ヘルスケアデータにテクノロジを適用することには、多くのエキサイティングで重要な成果をもたらす可能性があります。ヘルスケアデータから生成された分析は、医療従事者が自分達が提供するケアを向上させるためにより良い意思決定を行えるようにすることで、個人と集団の健康を改善するようにエンパワメントできます。

観察的なヘルスデータ科学と情報 (OHDSI、「オデッセイ」と発音する) プログラムとコミュニティは、観察的健康データを保存し、分析するためのデータ標準とオープンソースソリューションを生成することを目標にしています。OHDSI ツールを使用して、集団全体の健康を可視化することができます。患者のコホートを構築し、さまざまな状態の発生率を分析し、特定の状態の患者に対する治療の効果を推定することができます。また、機械学習アルゴリズムを使用して健康成果の予測をモデル化することもできます。

ビッグデータツールの操作をするときにしばしば直面する課題の一つは、ツールを実行するときに必要なインフラストラクチャが必要になることです。もう一つの課題は、これらのツールを実装して使い始めるための学習曲線です。アマゾン ウェブ サービスを使用すると、エンタープライズクラスのインフラストラクチャーとテクノロジーを手ごろな費用で伸縮自在で自動化された方法で使用可能にすることにより、従来の IT の多くの課題に対応できるようになります。この記事では、AWS テクノロジーにいくつかの OHDSI プロダクト (AtlasAchillesWebAPI、およびOMOP Common Data Model) を組み合わせる方法を示します。そうすることにより、ヘルスデータ科学と情報環境を迅速に、少ない費用で実装できます。

以下に示したものは、OHDSI ツールで可能な集団ヘルス分析の 1 つの例にすぎません。この可視化では、指定された集団の人の中で様々な医薬品の有病率を示します。この情報は、研究者や医療従事者が傾向を見出し、患者の健康状態について情報に基づく意思決定をより良く行うために役立ちます。

AWS における OHDSI アプリケーションアーキテクチャ

保護された健康情報 (PHI) または個人識別情報 (PII) の伝送、処理、または保存を行う AWS 上でアプリケーションをデプロイする前に、組織のコンプライアンスの懸念に対応してください。社内コンプライアンスと法務チームと協力して、組織を管轄する法規制を遵守するようにしてください。AWS サービスを全体的なコンプライアンス プログラムの一部として使用する方法を理解するためには、AWS HIPAA コンプライアンスホワイトペーパーを参照して下さい。それを使用して、当社はこのソリューションを設計する間、HIPAA コントロールセットに非常に注意を注ぎました。

このブログ記事は、サンプルデータをもつデータウェアハウスを含む完全な OHDSI アプリケーション環境を示します。以下の特長を備えています。

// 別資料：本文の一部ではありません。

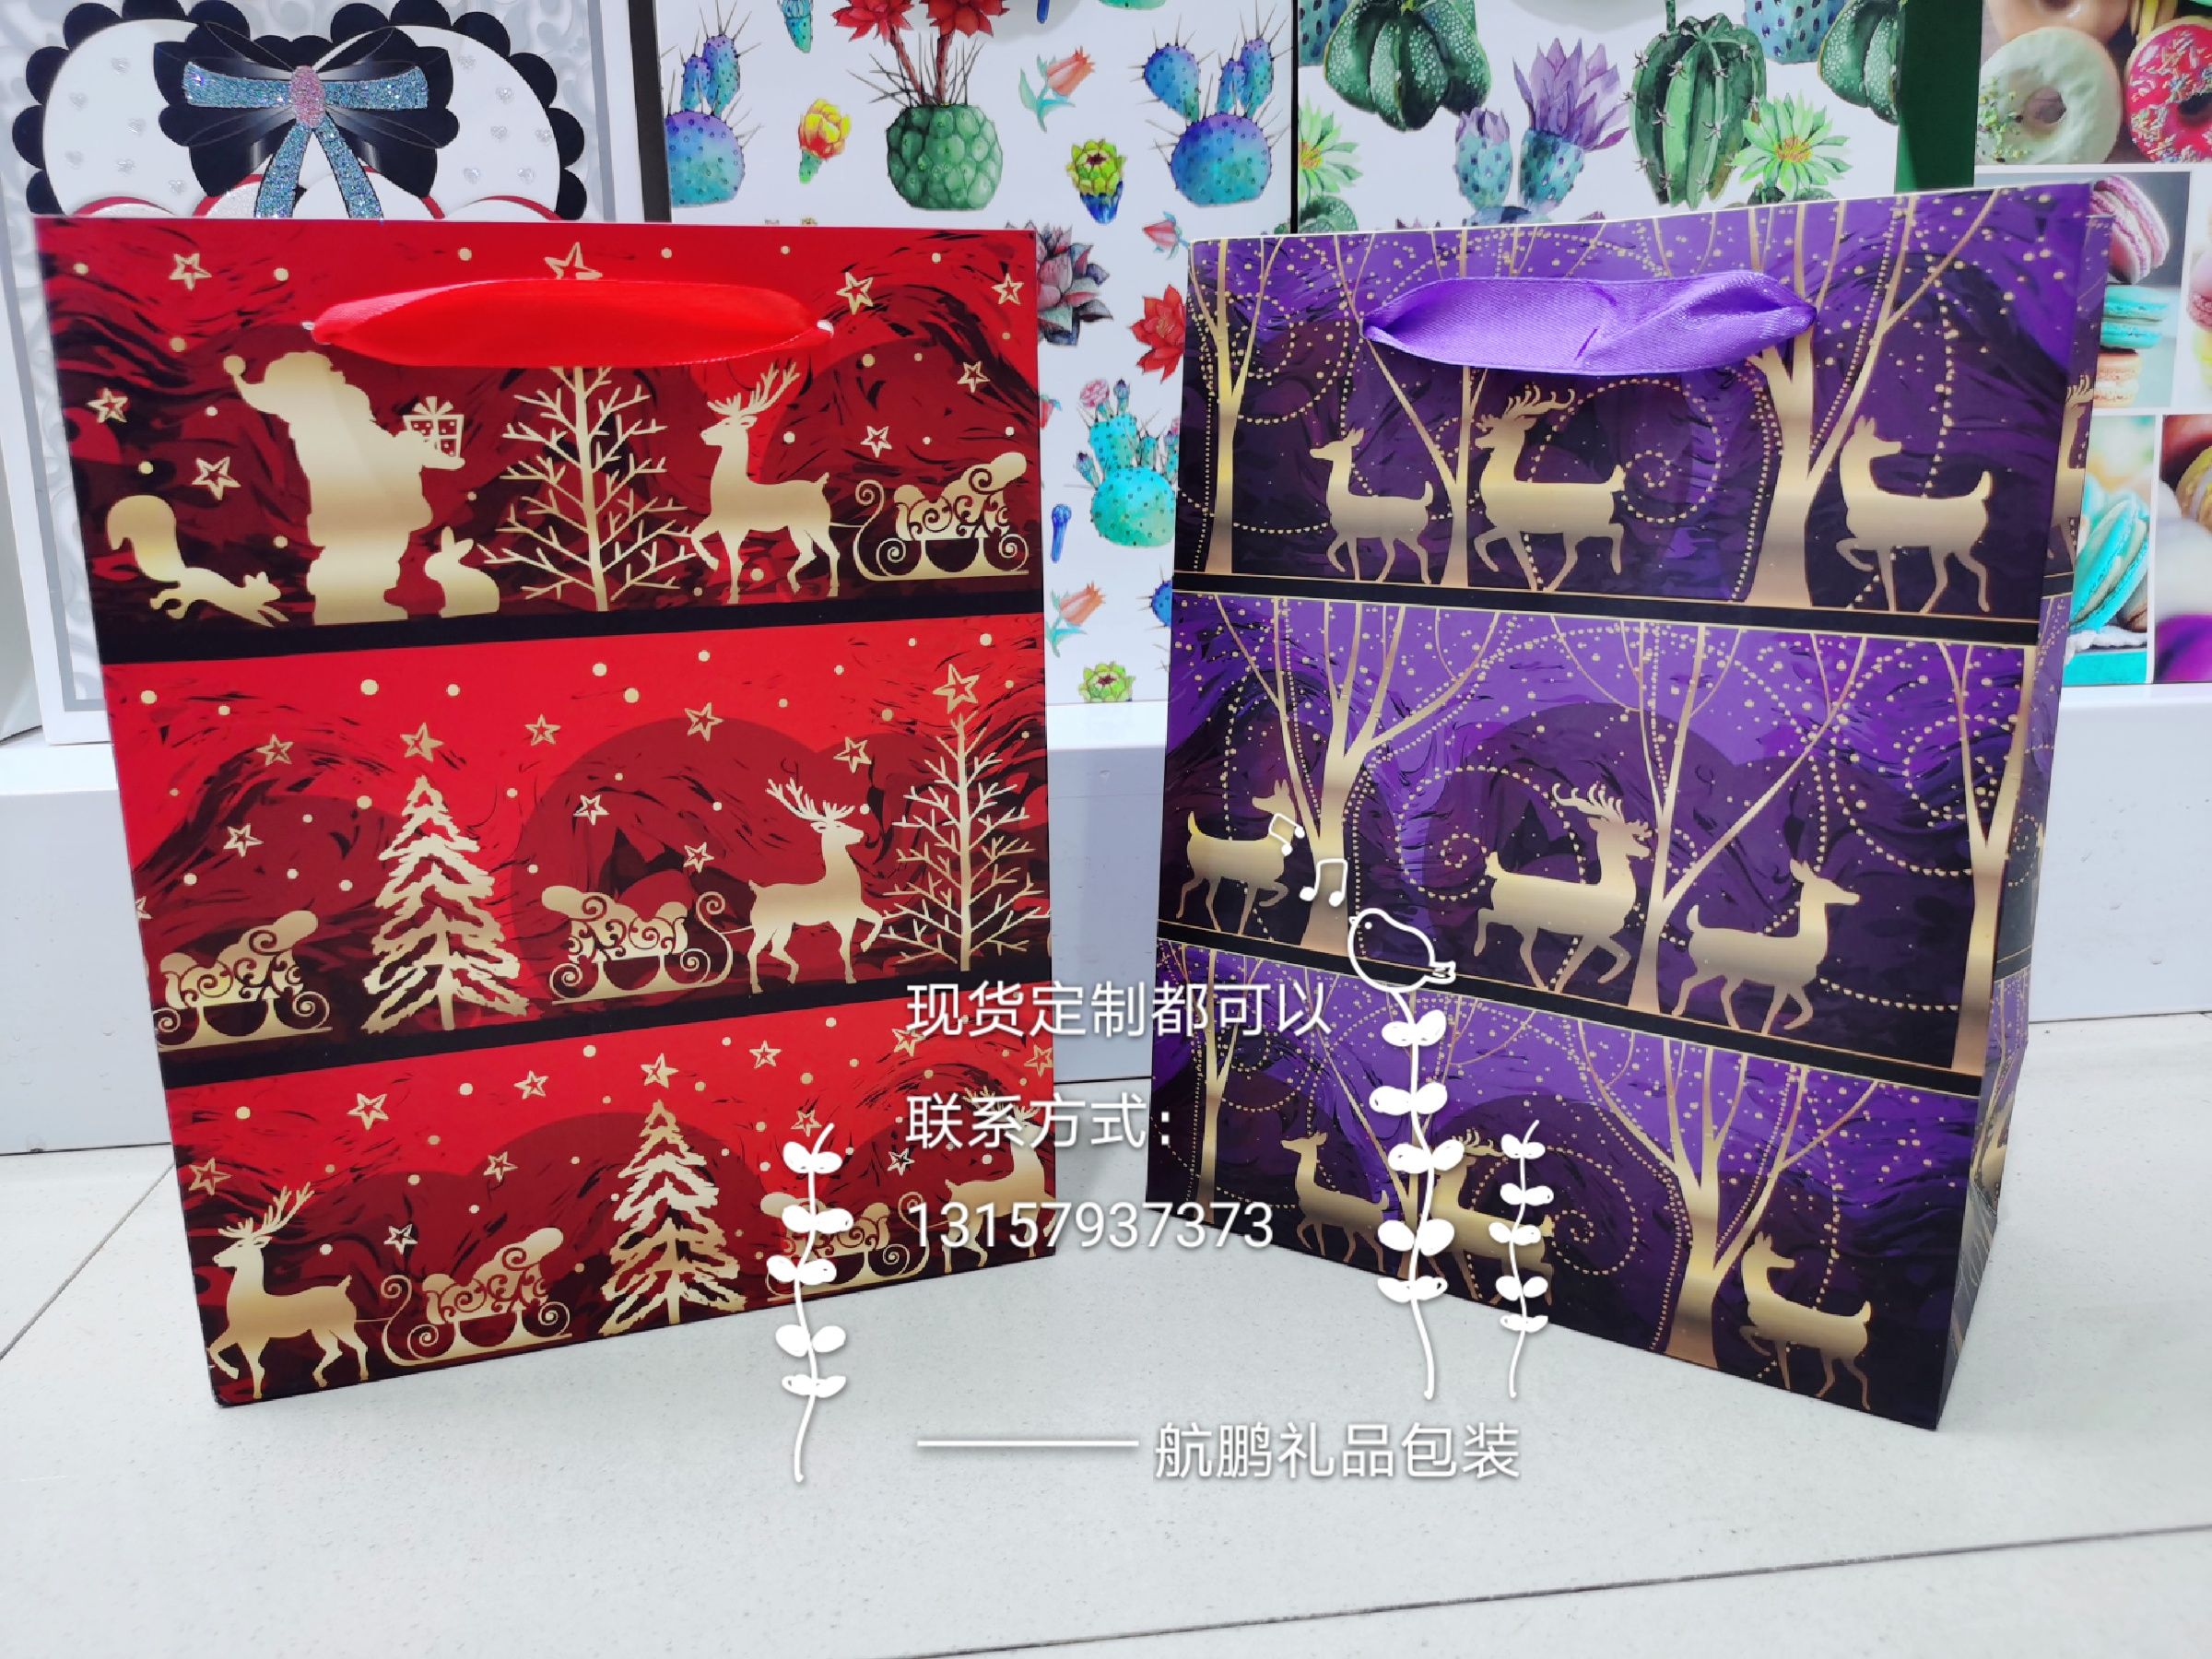 现货新款精美圣诞节礼物包装袋 平安夜苹果盒 圣诞专用礼品袋

  • それは高い可用性をもつ隔絶された 3 層の Amazon Virtual Private Cloud (Amazon VPC)にデプロイされます。
  • それは、休止中および移動中の暗号化を含みます (証明書はウェブアプリケーションサーバーとロードバランサーに対して追加しなければなりません)
  • これは、AWS からの管理対象サービスを使用します。また、OS、ミドルウェア、およびデータベースパッチングとメンテナンスが大幅に自動化されます。
  • 運用および災害復旧のための自動化されたバックアップを作成します
  • 約 1 時間で自動的に構築されます
  • それは、AWS Solution Calculator に基づいたビジネスレベルのサポートによる正当な月次コストをもたらします

その後、AWS により提供されたサービスに QHDSI ツールをマッピングする方法を示すブロックダイアログラムを見ることができます。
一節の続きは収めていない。